Try it -
Print all the data below exactly, without images.

Collected material -
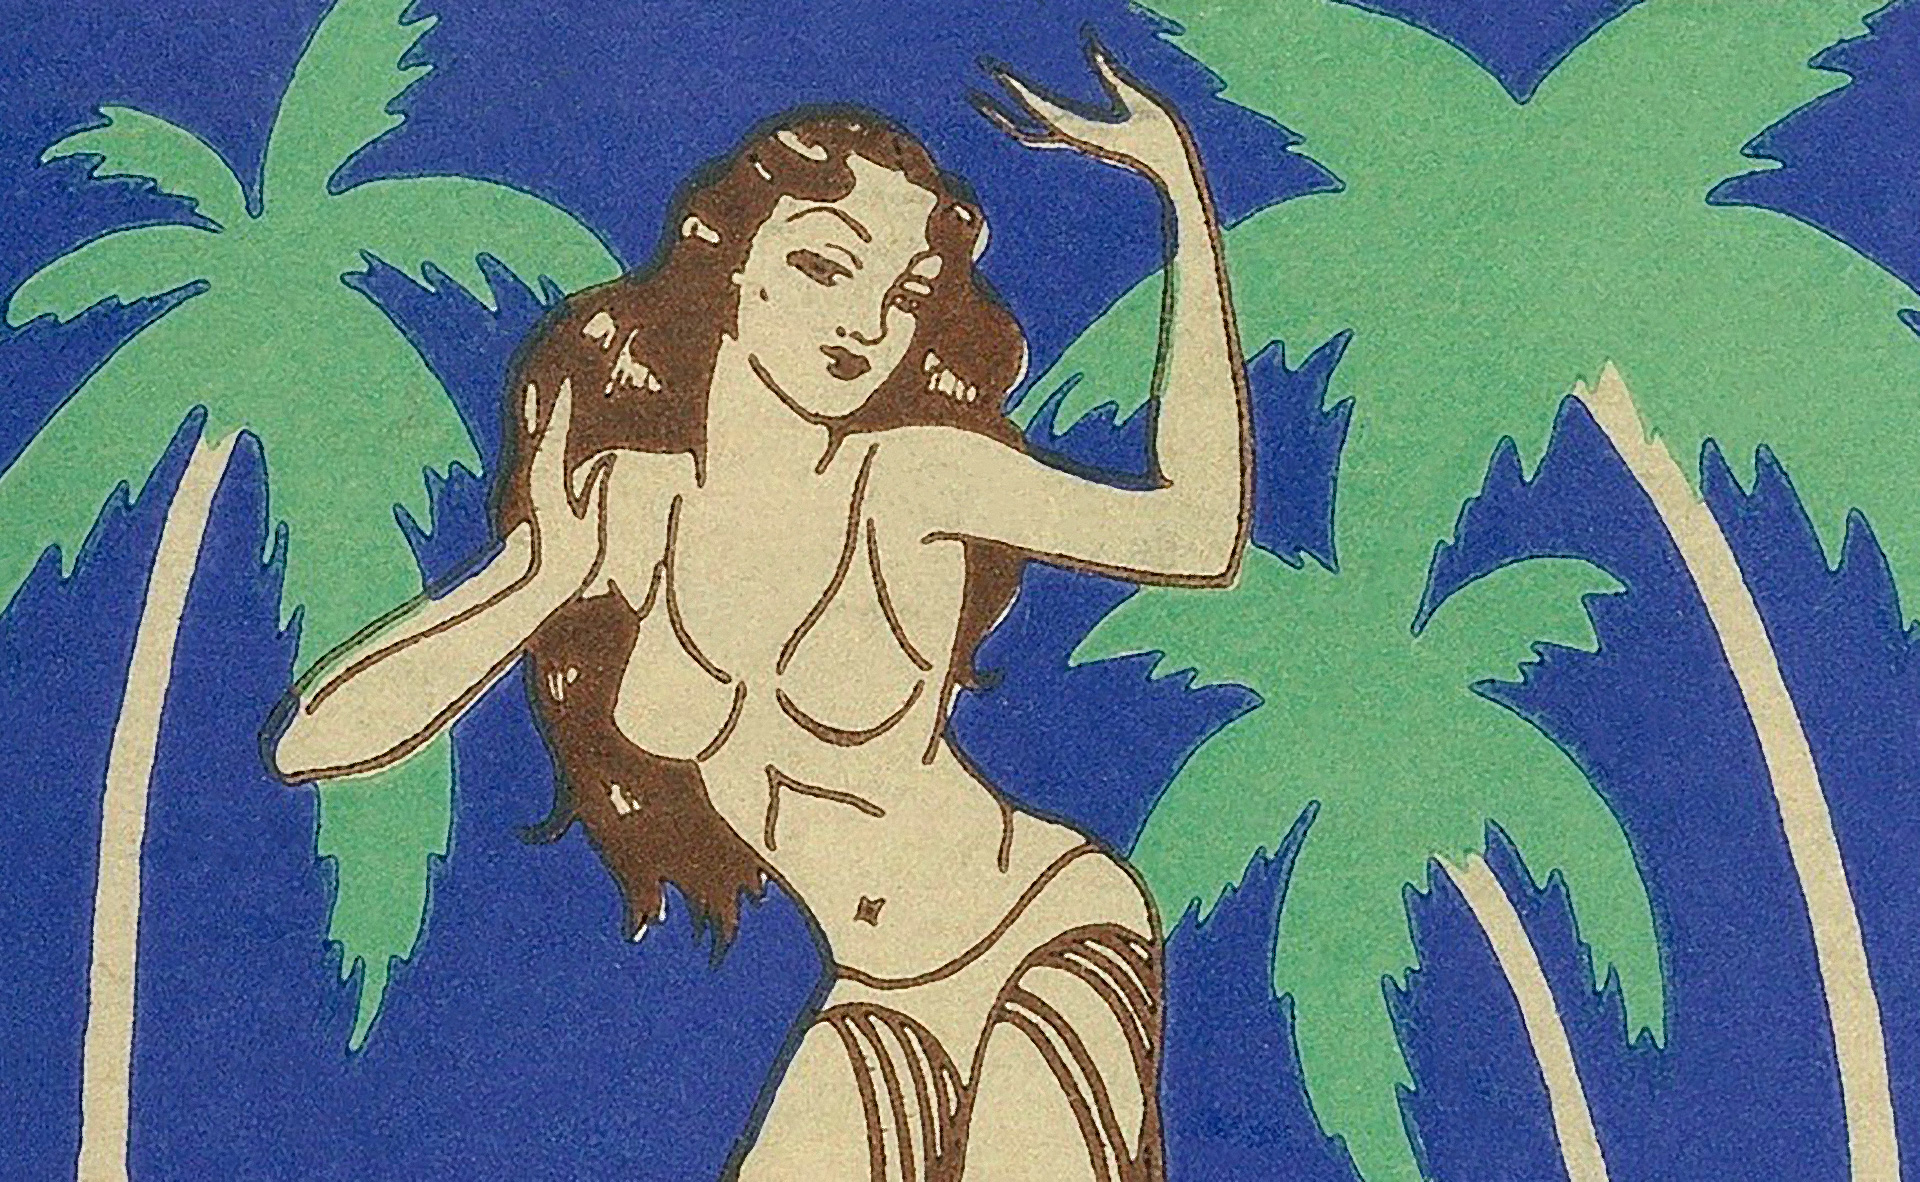 The Tropic Cafe hula girl, c1939
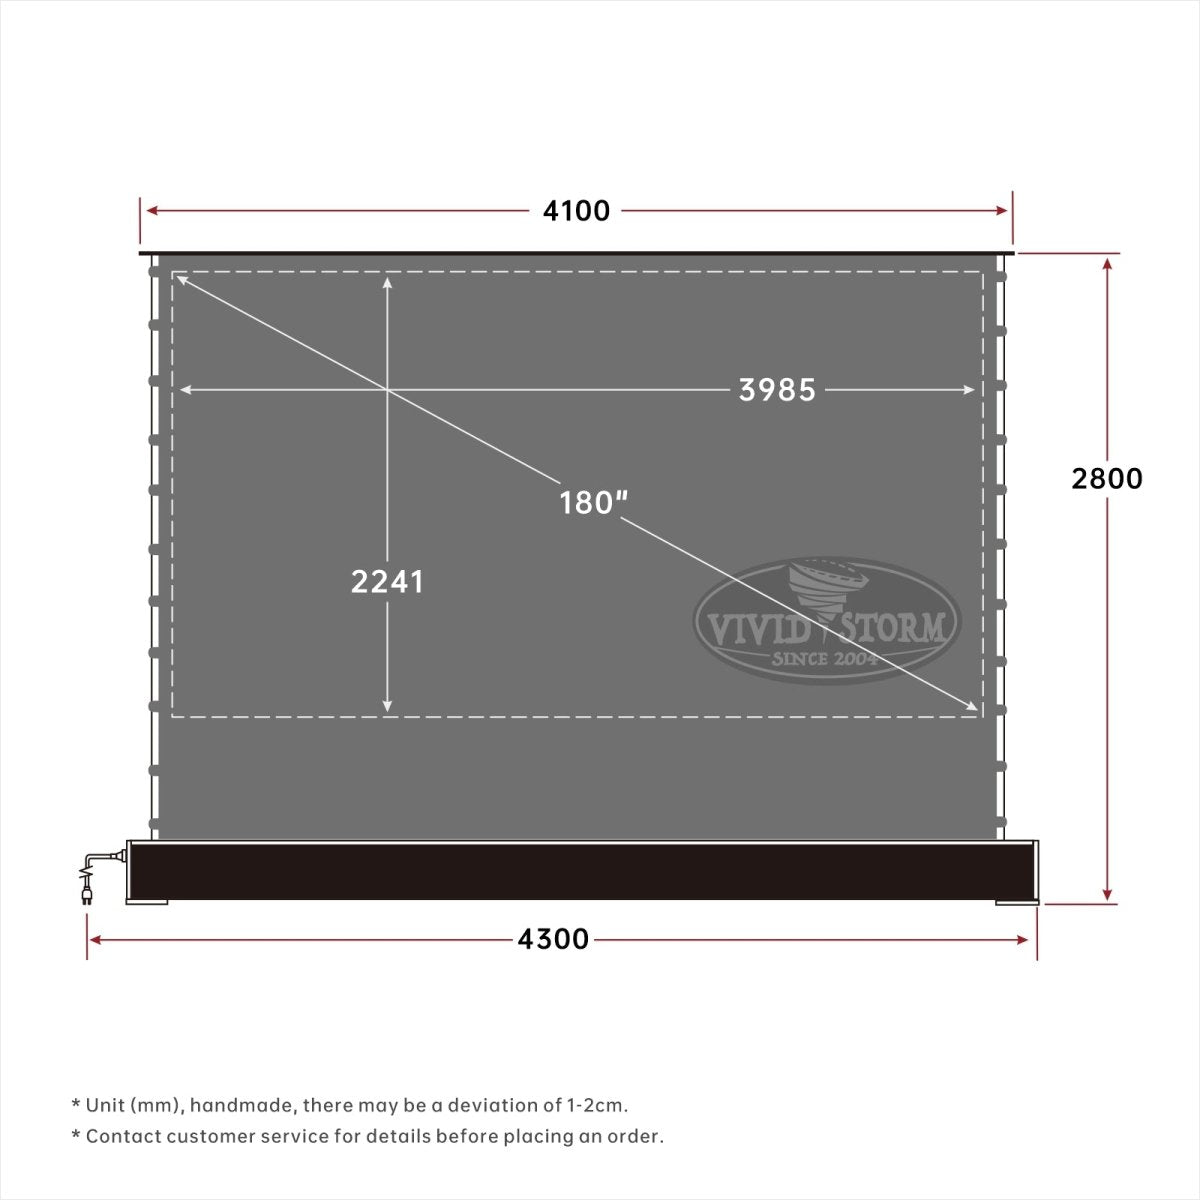 VIVIDSTORM TITAN Motorized Tension Floor Rising Projector screen-Giant size screen 160inch to 200inch - VIVIDSTORM
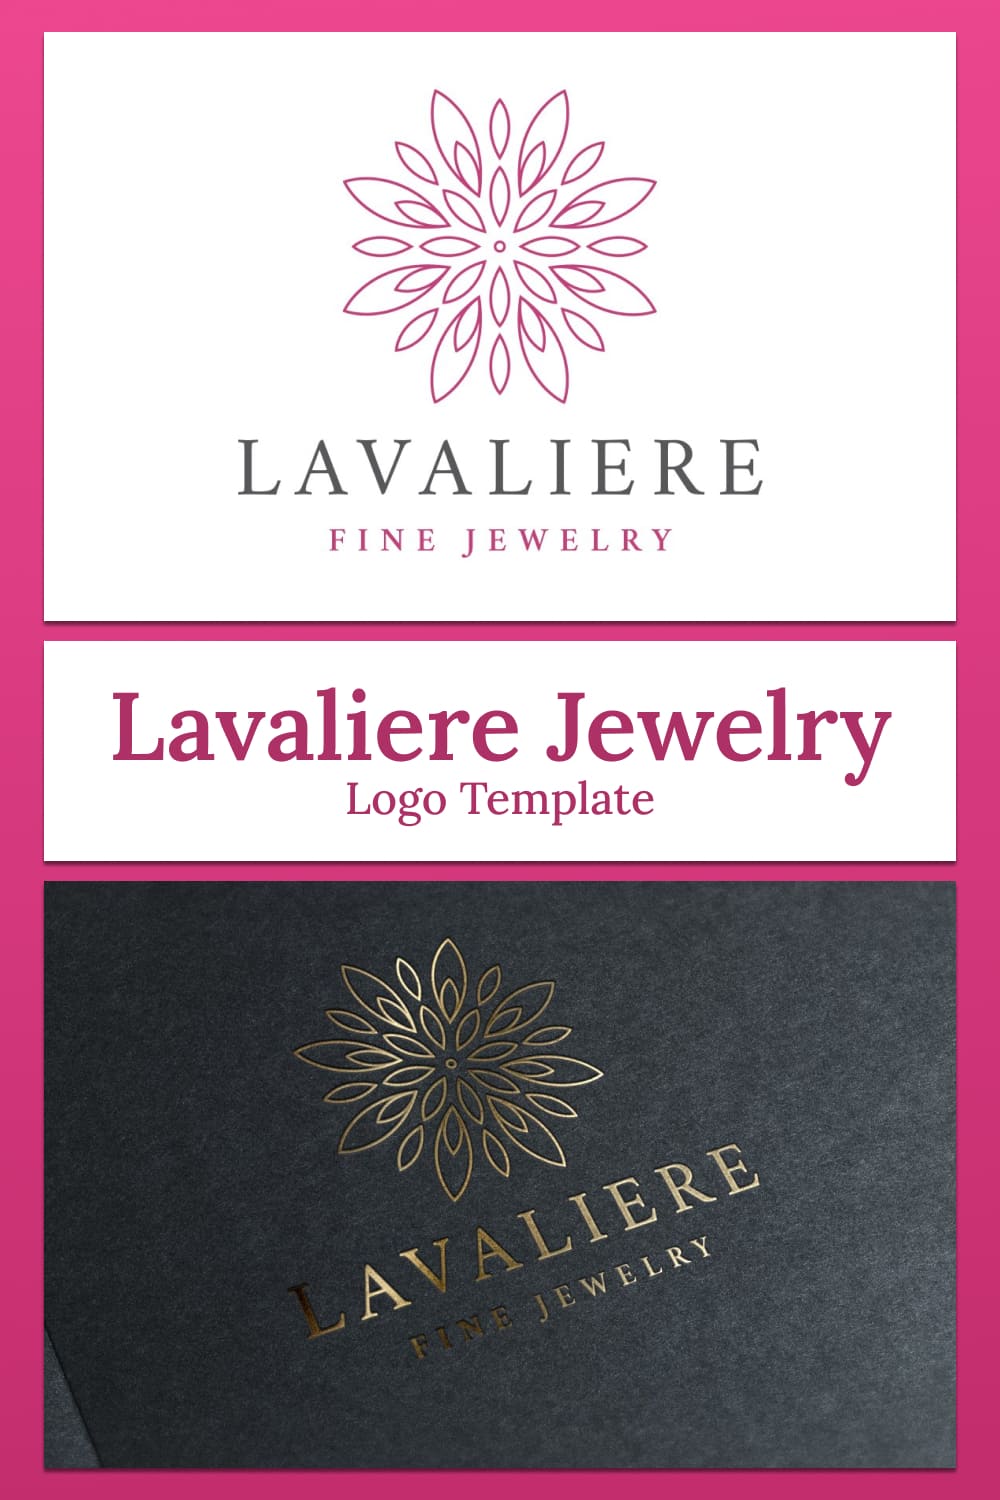 lavaliere jewelry logo template unique design for your brand.
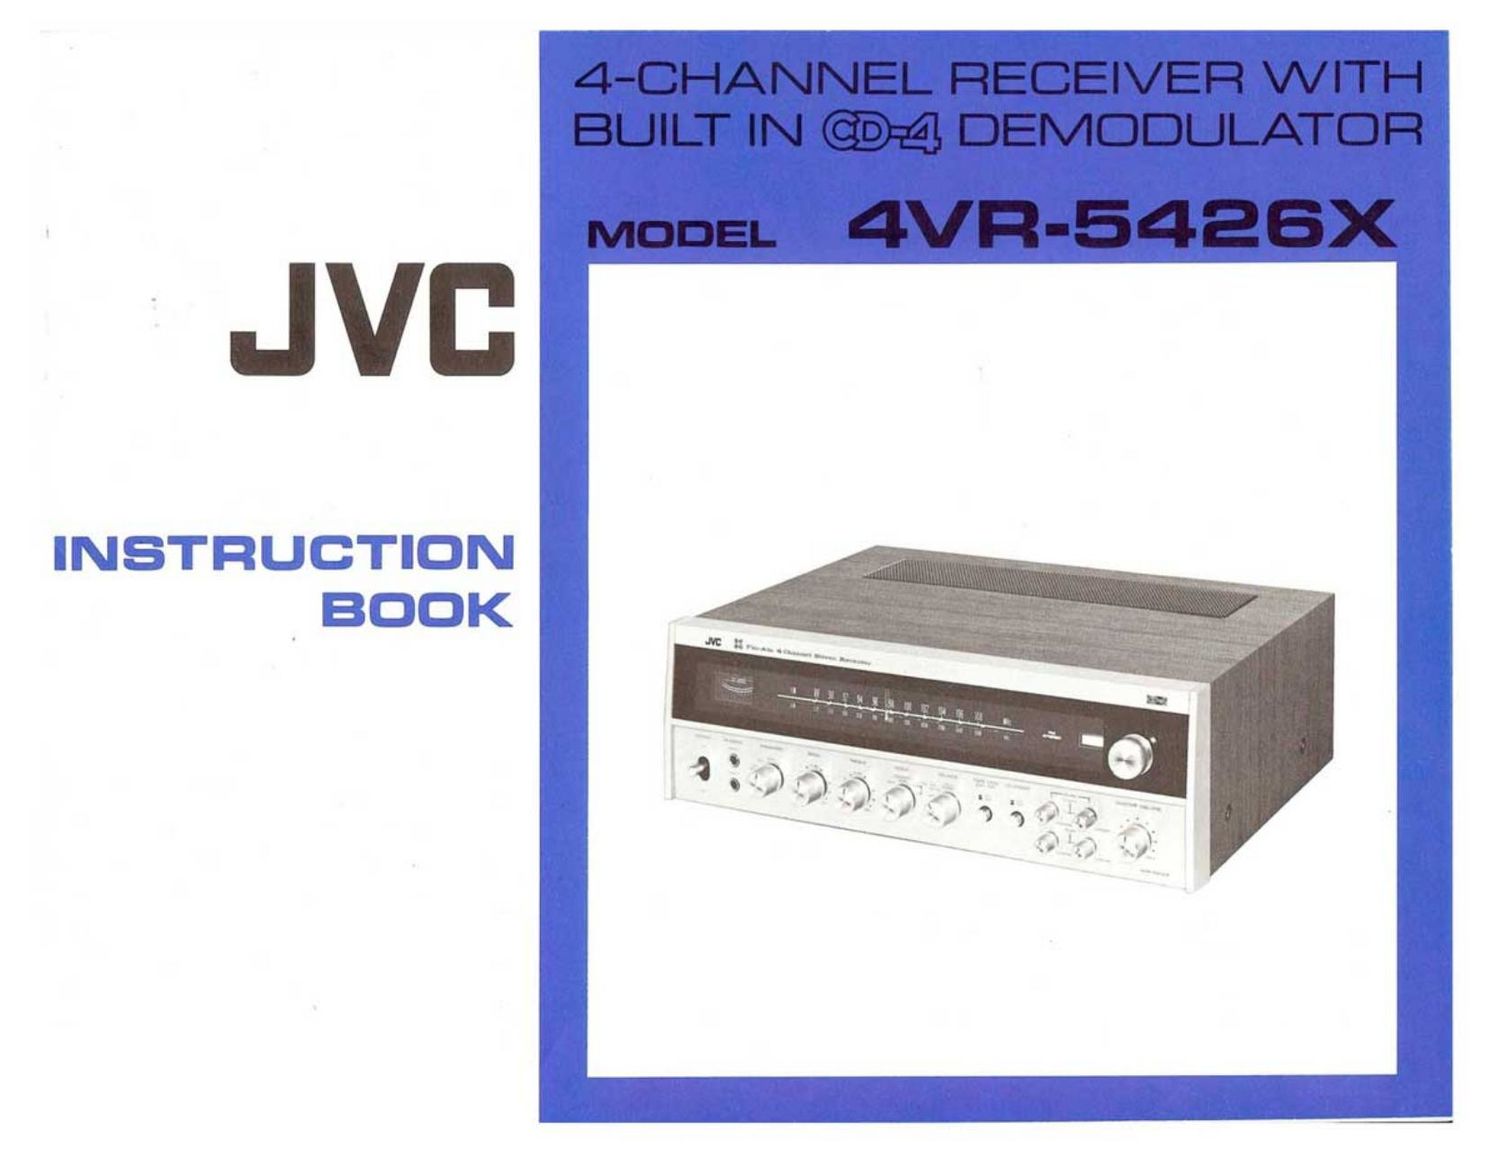 Jvc 4VR 5426 X Owners Manual

Written response -
 The Tropic Cafe hula girl, c1939
 VIVIDSTORM TITAN Motorized Tension Floor Rising Projector screen-Giant size screen 160inch to 200inch - VIVIDSTORM
 lavaliere jewelry logo template unique design for your brand.
 Jvc 4VR 5426 X Owners Manual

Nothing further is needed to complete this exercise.